*** Opening of Data segment ***

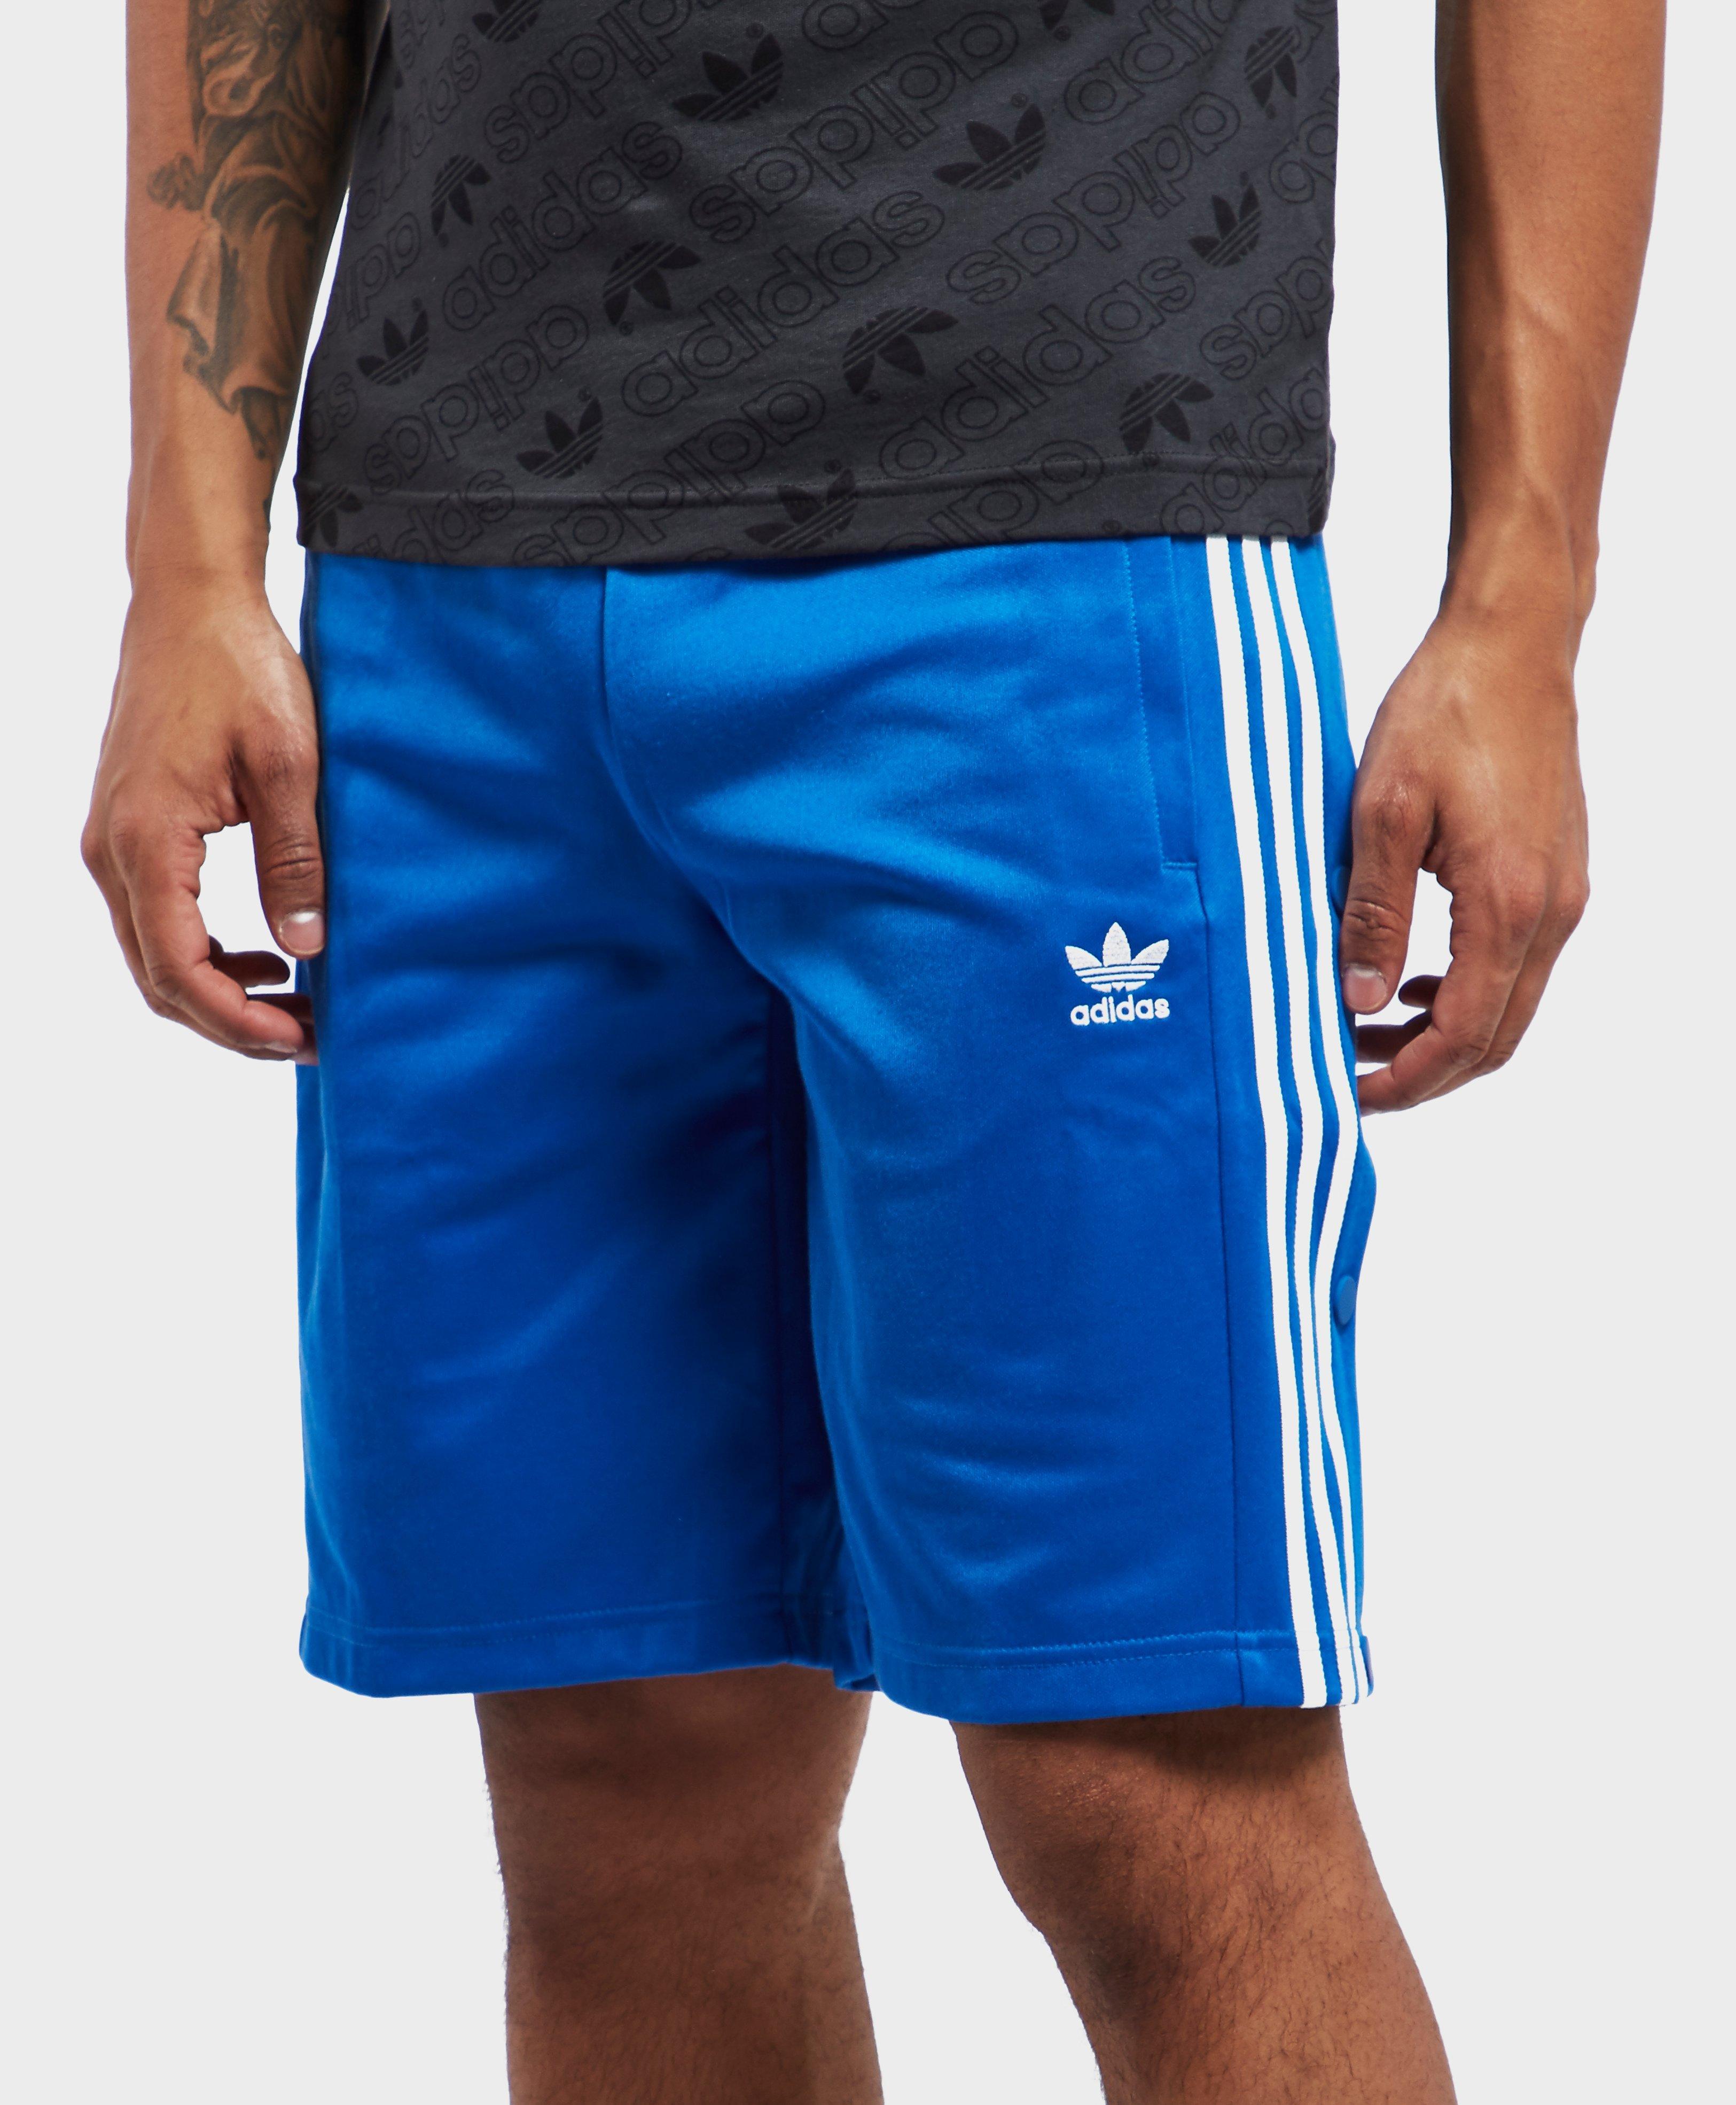 adidas Originals Cotton Snap Button Shorts in Blue for Men - Lyst
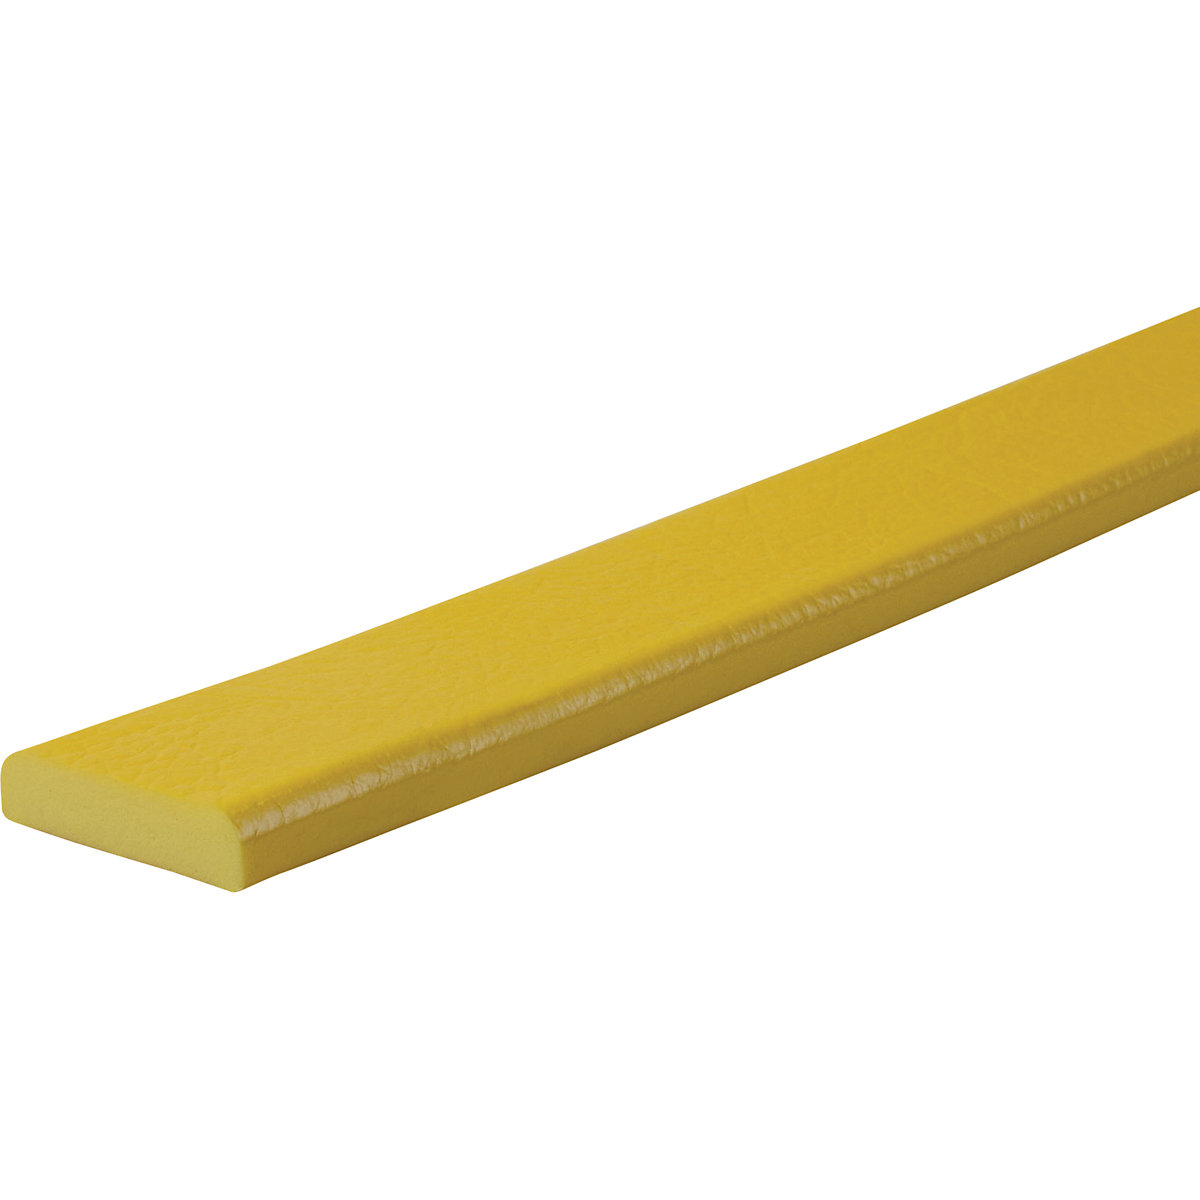 Knuffi® surface protection – SHG, type F, 1 m piece, yellow-39
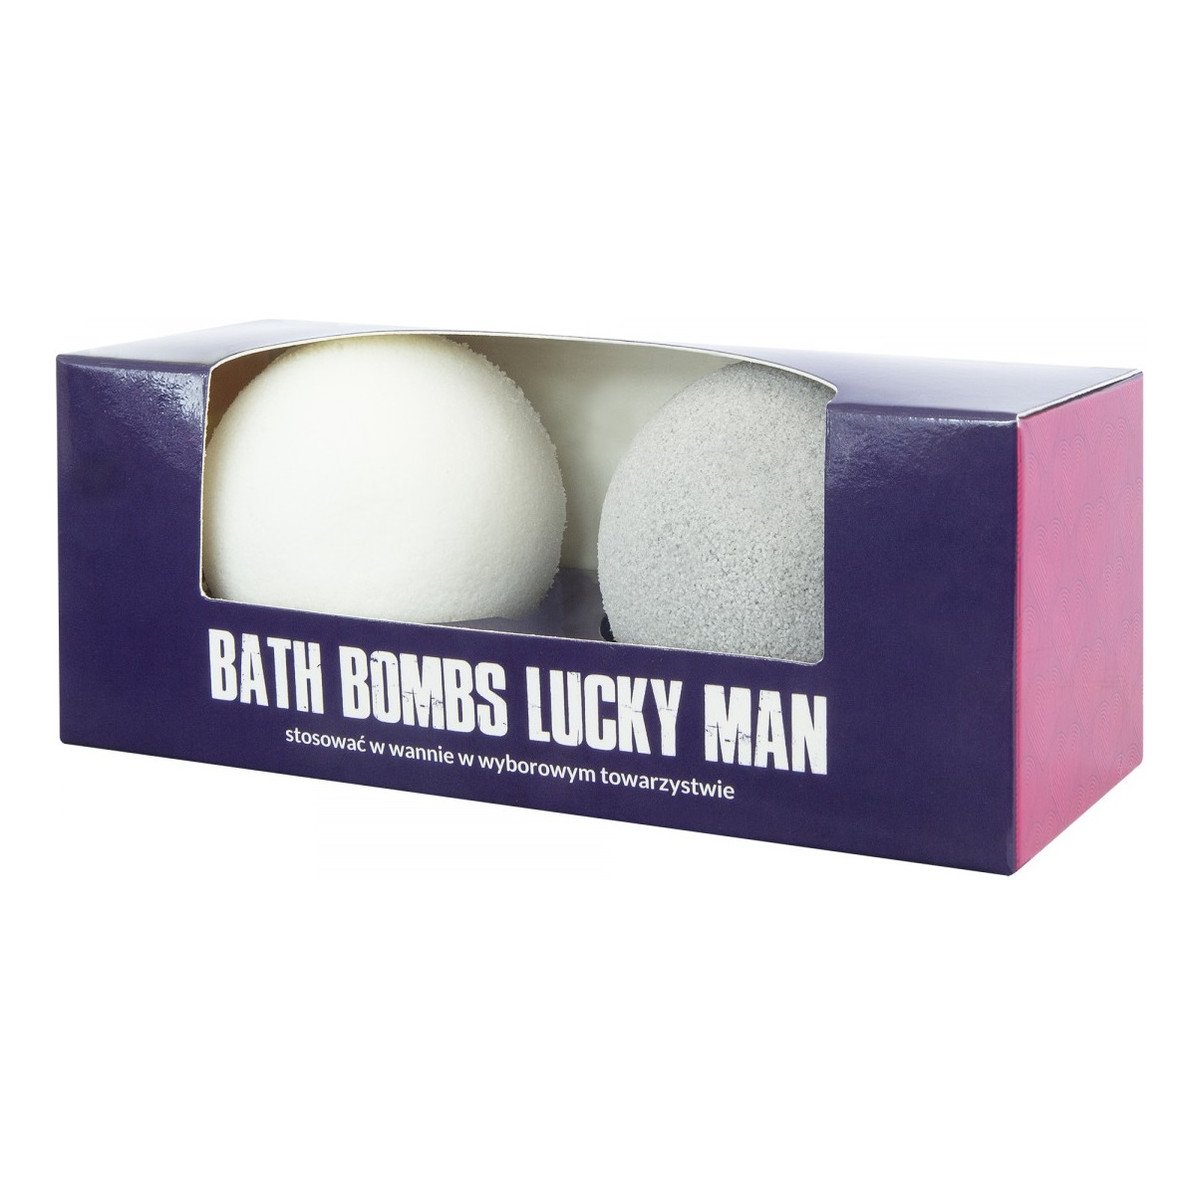 Laq Bath Bombs Lucky Man kule do kąpieli Doberman i Kozioł 120g
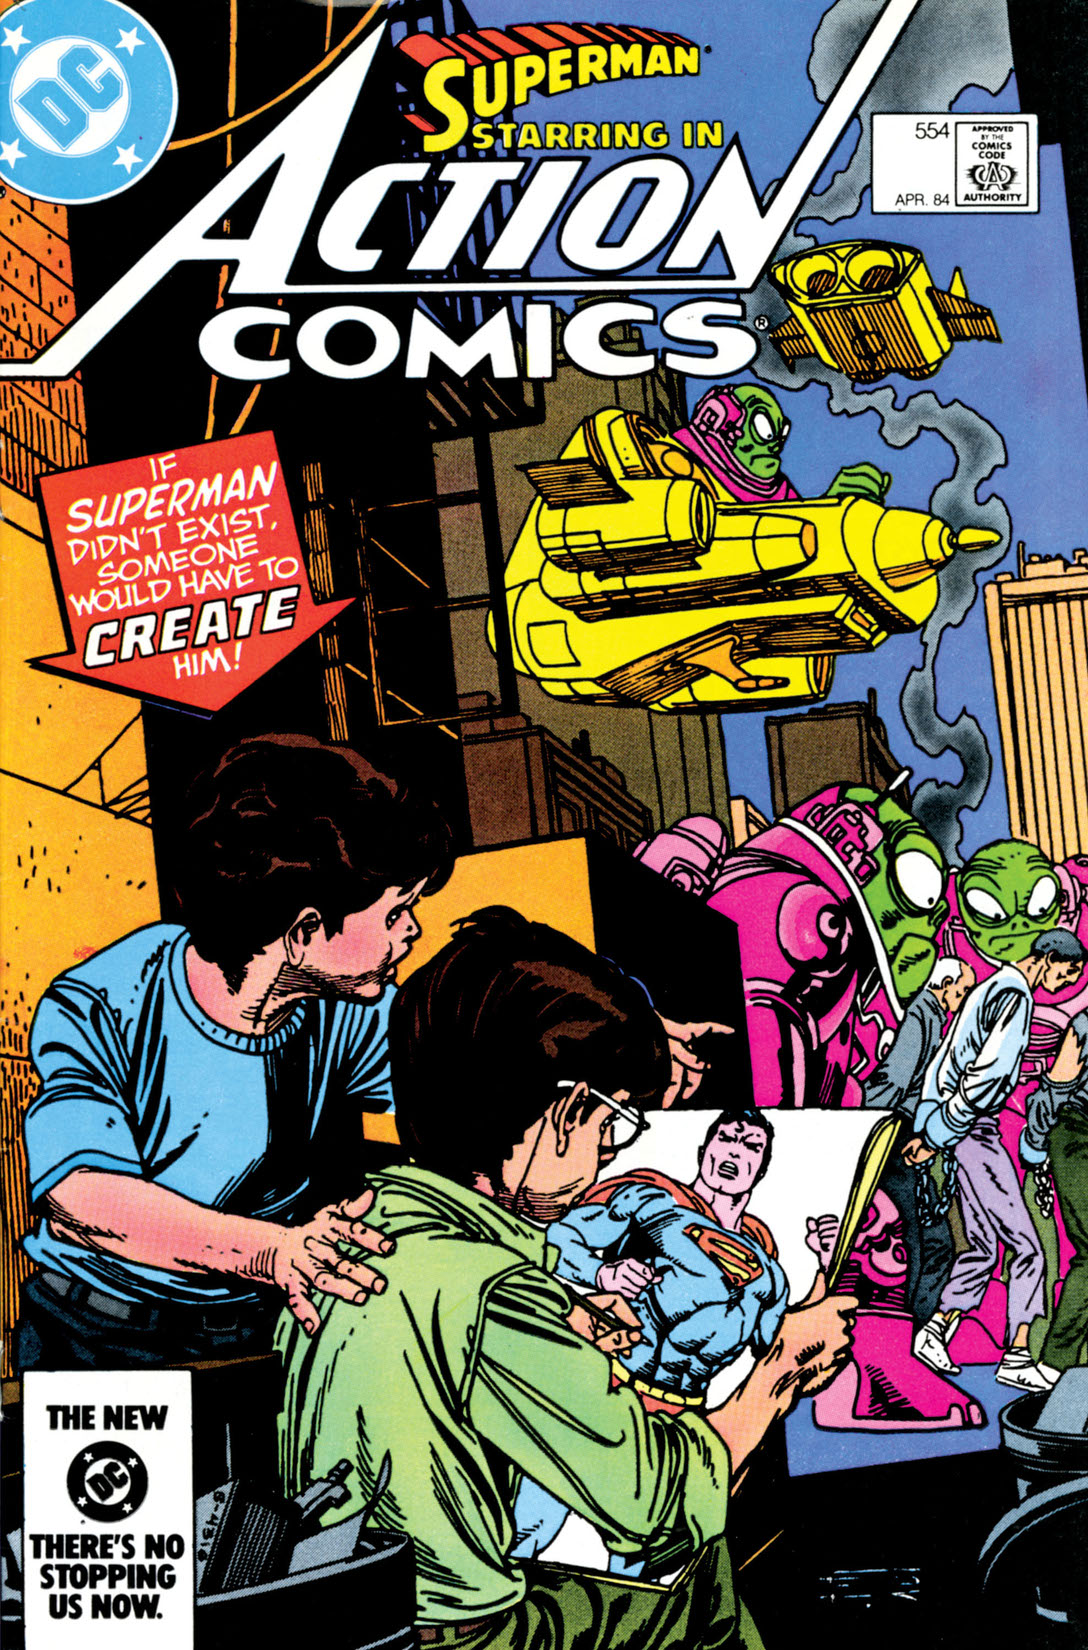 Action Comics (1938-) #554 preview images

*** Close of Data segment ***

## What needs to be done:
Print the material in full and exactly; the pictures must not be printed.

## Response box:
 adidas Originals Cotton Snap Button Shorts in Blue for Men - Lyst
 Knuffi® surface protection – SHG, type F, 1 m piece, yellow-39
 Laq Bath Bombs Lucky Man kule do kąpieli Doberman i Kozioł 120g
 Action Comics (1938-) #554 preview images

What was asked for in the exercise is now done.